Note the numbers in the above paragraph come from inline code chunks. Here’s the syntax for grabbing & rounding the coefficients of race.
## <NA>
## NA
## raceother
## -447.9
When dealing with multi-level factors, significance is assessed by considering dropping the entire factor from the regression. You can therefore wind up in a situation where a factor is significant even when none of the individual estimated coefficients are on their own significant.
To run this kind of test, we’ll use the anova()
function and specify two models, one of which is nested in the other.
Here’s how we can test whether race
is a significant predictor of birth weight even after we control for mother’s age and smoking status.
# Check if including the race variable significantly improves model fit
anova(update(birthwt.lm, . ~ . - race), birthwt.lm, test = "Chisq")
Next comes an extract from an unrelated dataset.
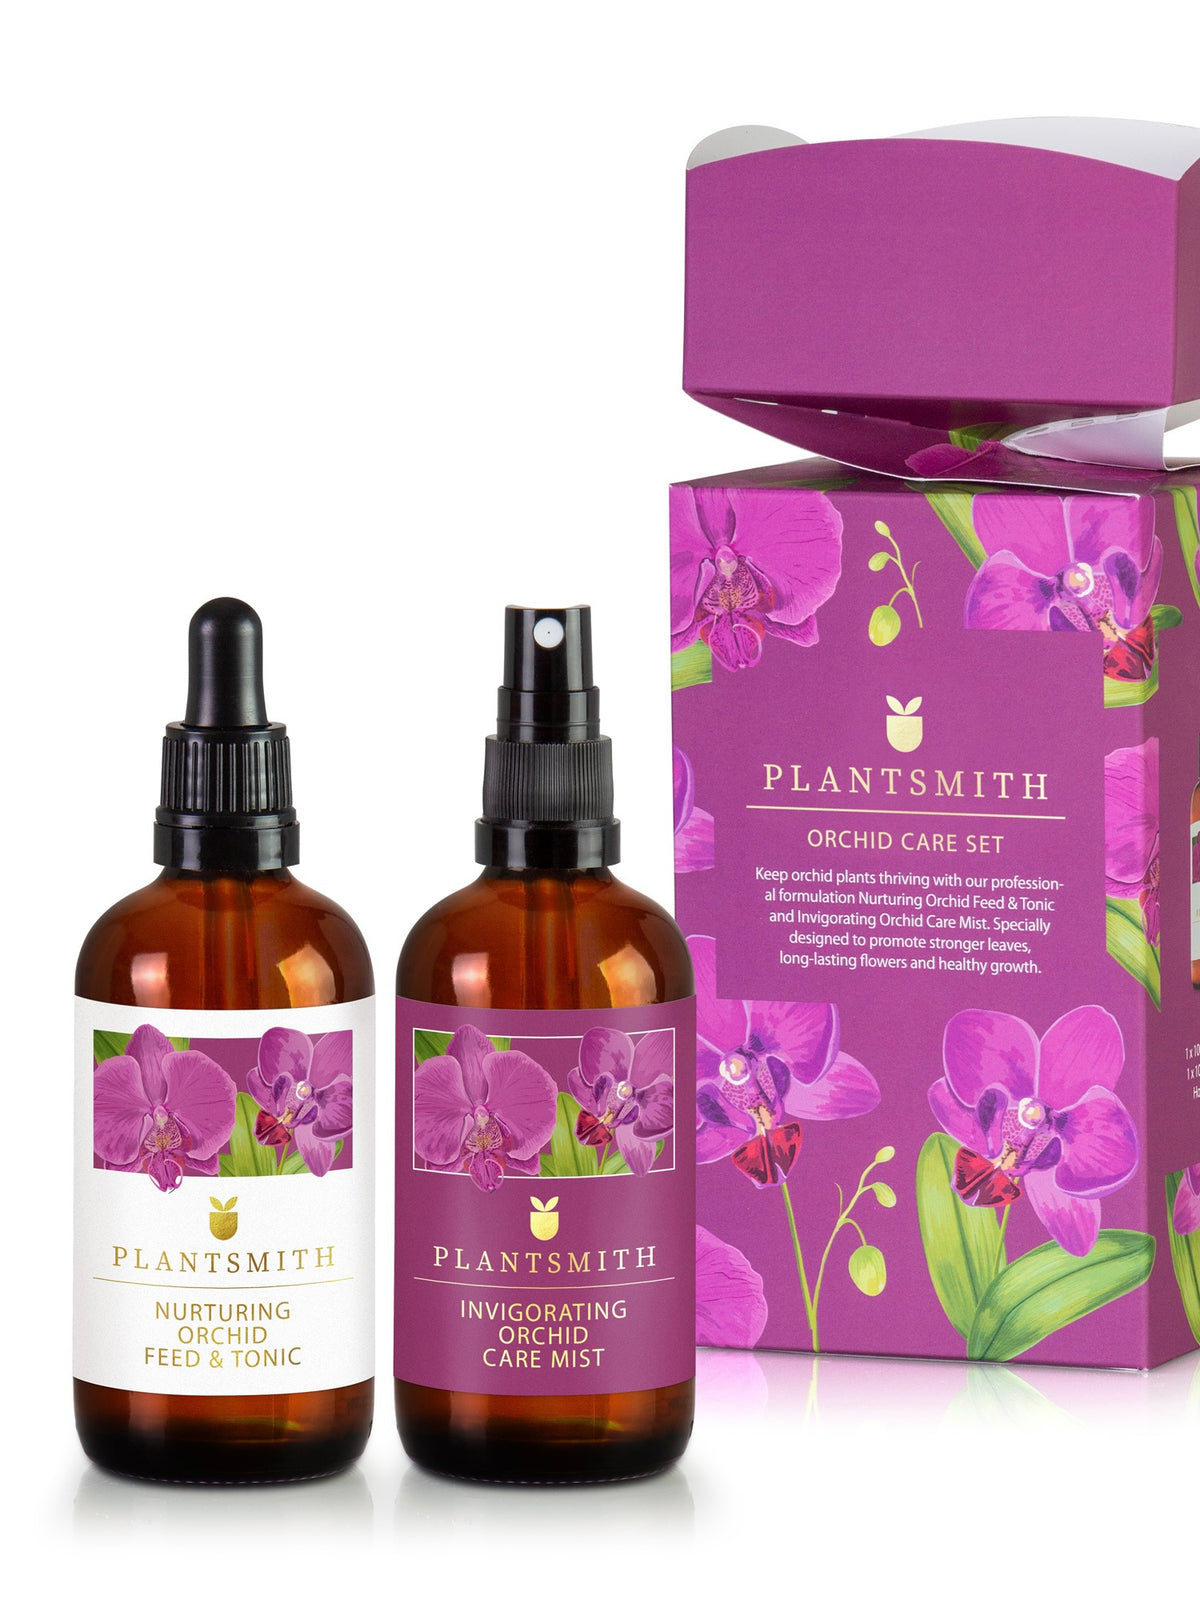 Plantsmith Orchid Care Cracker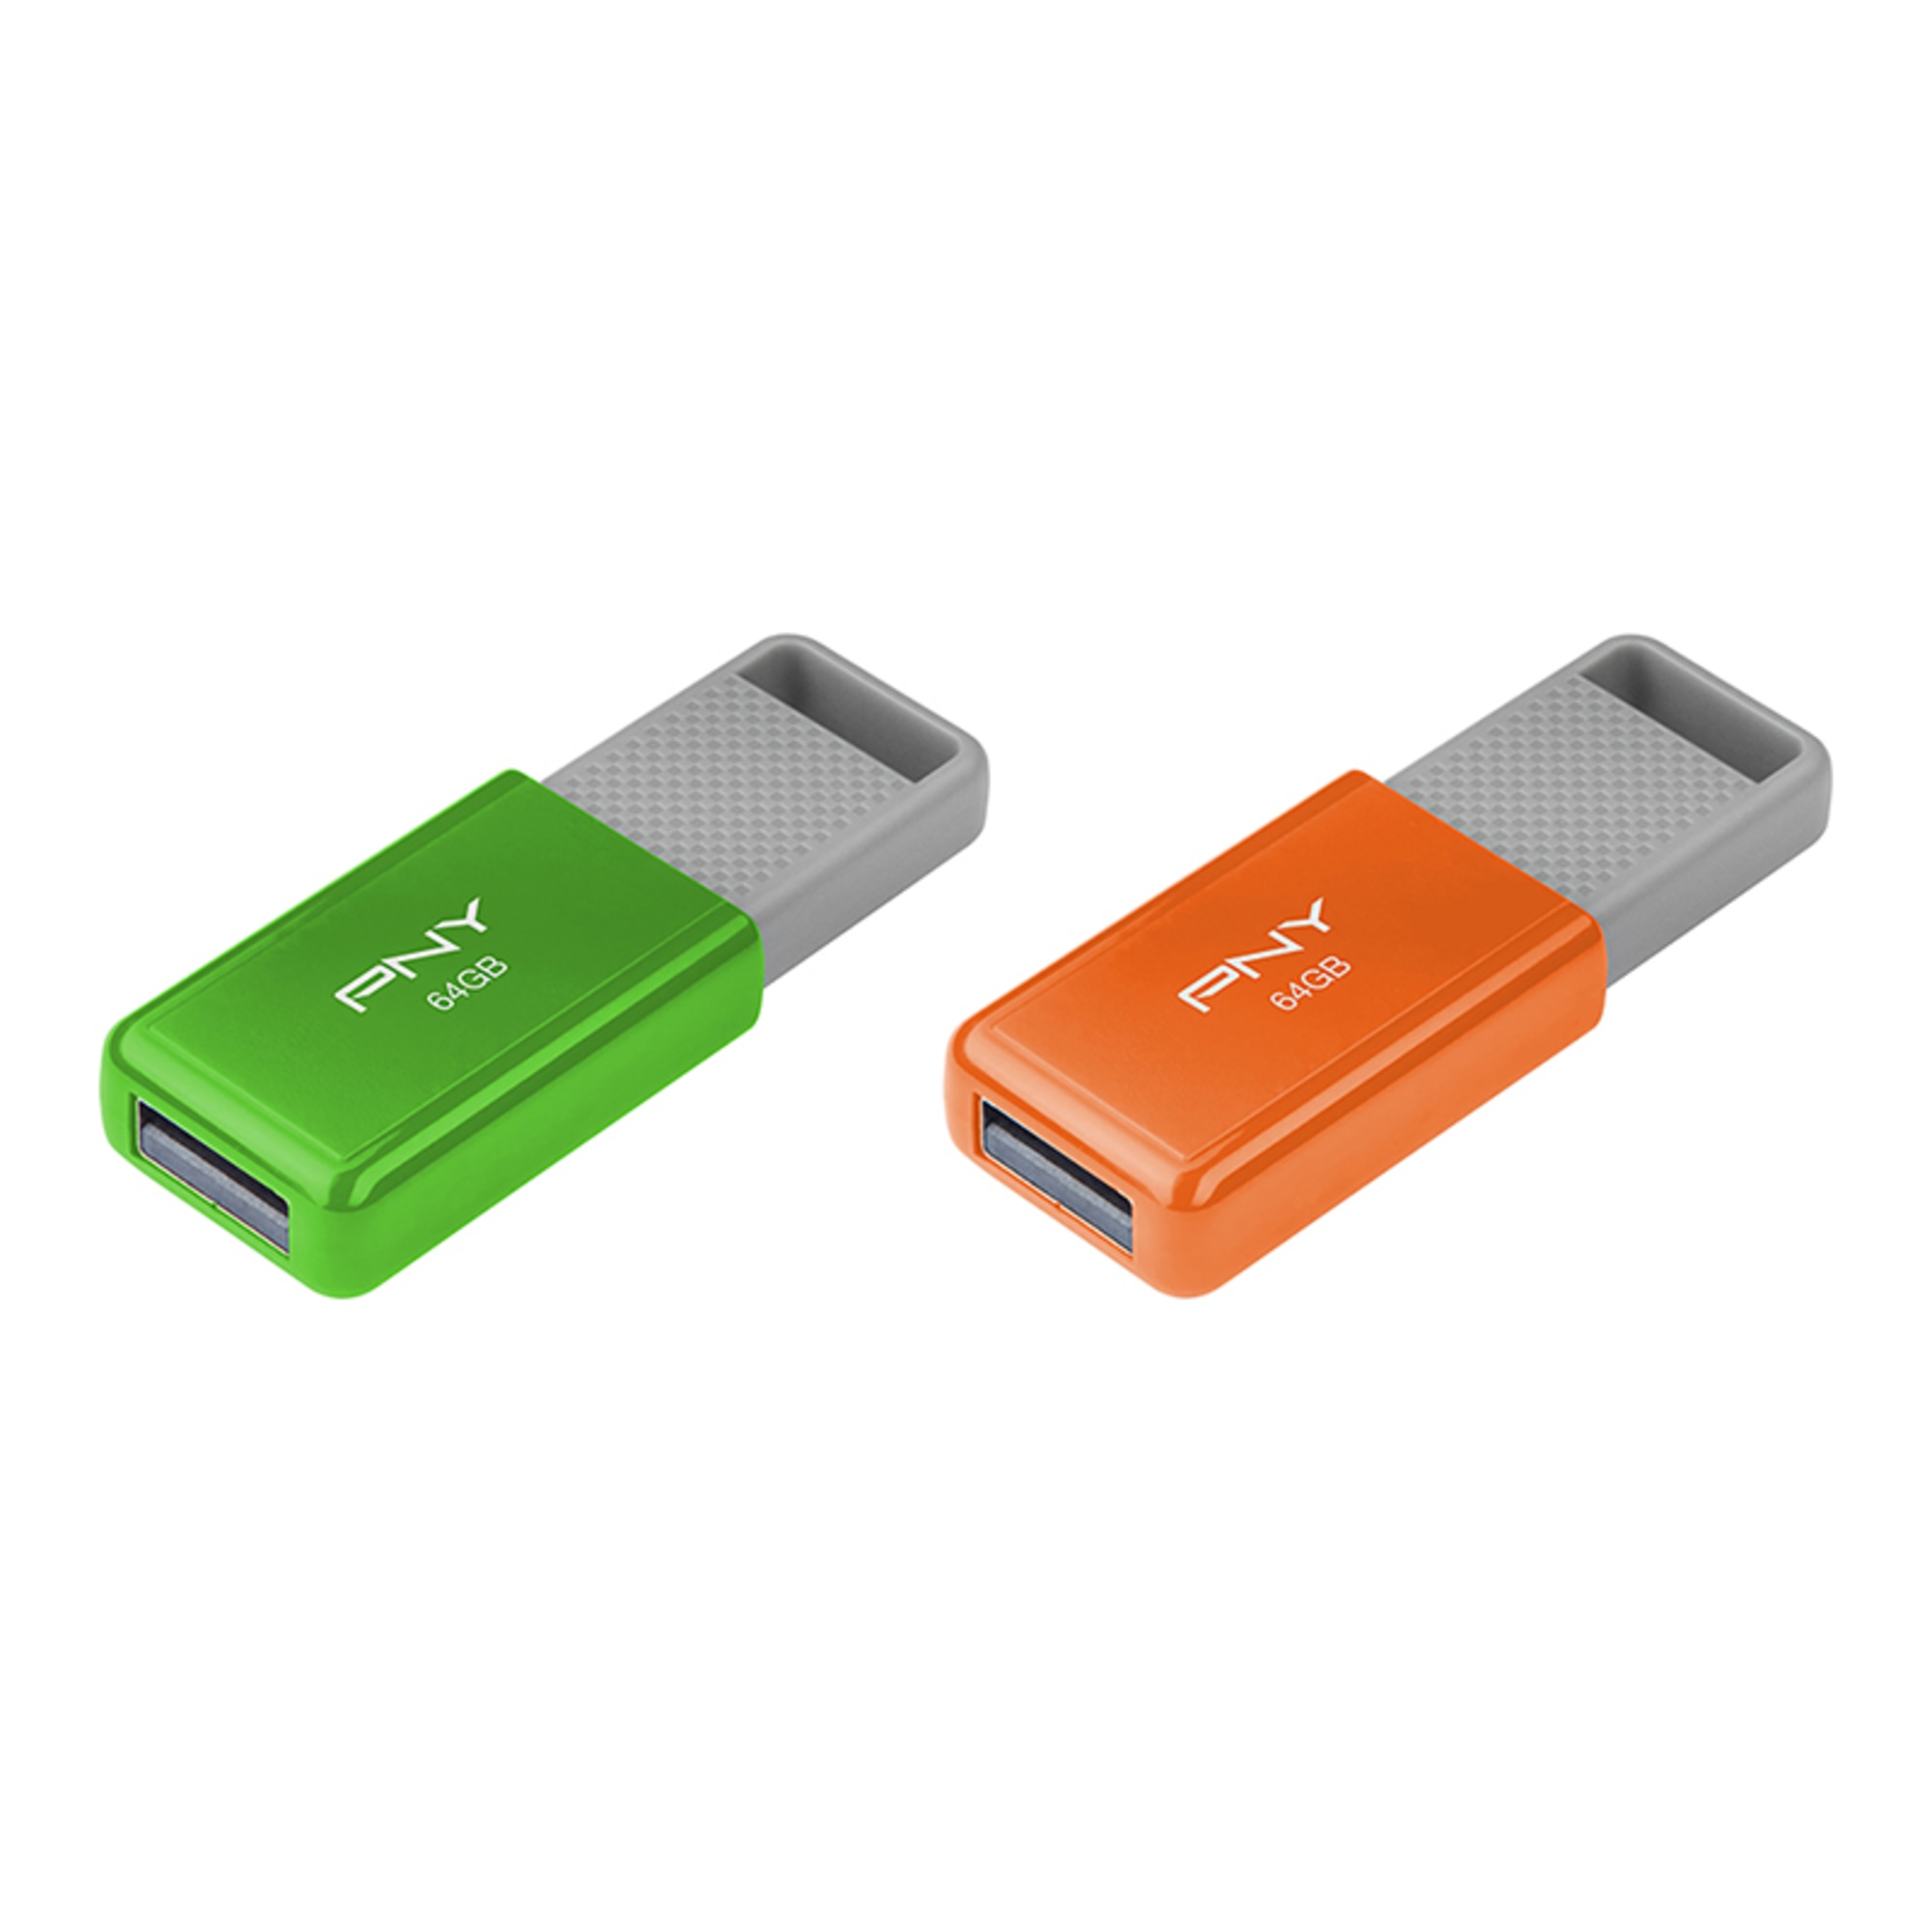 PNY USB 2.0 Flash Drives, 64GB, Pack Of 2 Flash Drives - image 1 of 7

## Analysis of Variance Table
##
## Model 1: birthwt.grams ~ mother.smokes + mother.age
## Model 2: birthwt.grams ~ race + mother.smokes + mother.age
## Res.Df RSS Df Sum of Sq Pr(>Chi)
## 1 186 95672288
## 2 184 87608636 2 8063652 0.0002101 ***
## ---
## Signif. codes: 0 '***' 0.001 '**' 0.01 '*' 0.05 '.' 0.1 ' ' 1
This returns a p-value based on a Chi-square variable with degrees of freedom = (# levels in factor - 1)
The test is highly significant, so race is indeed a significant predictor of birthweight.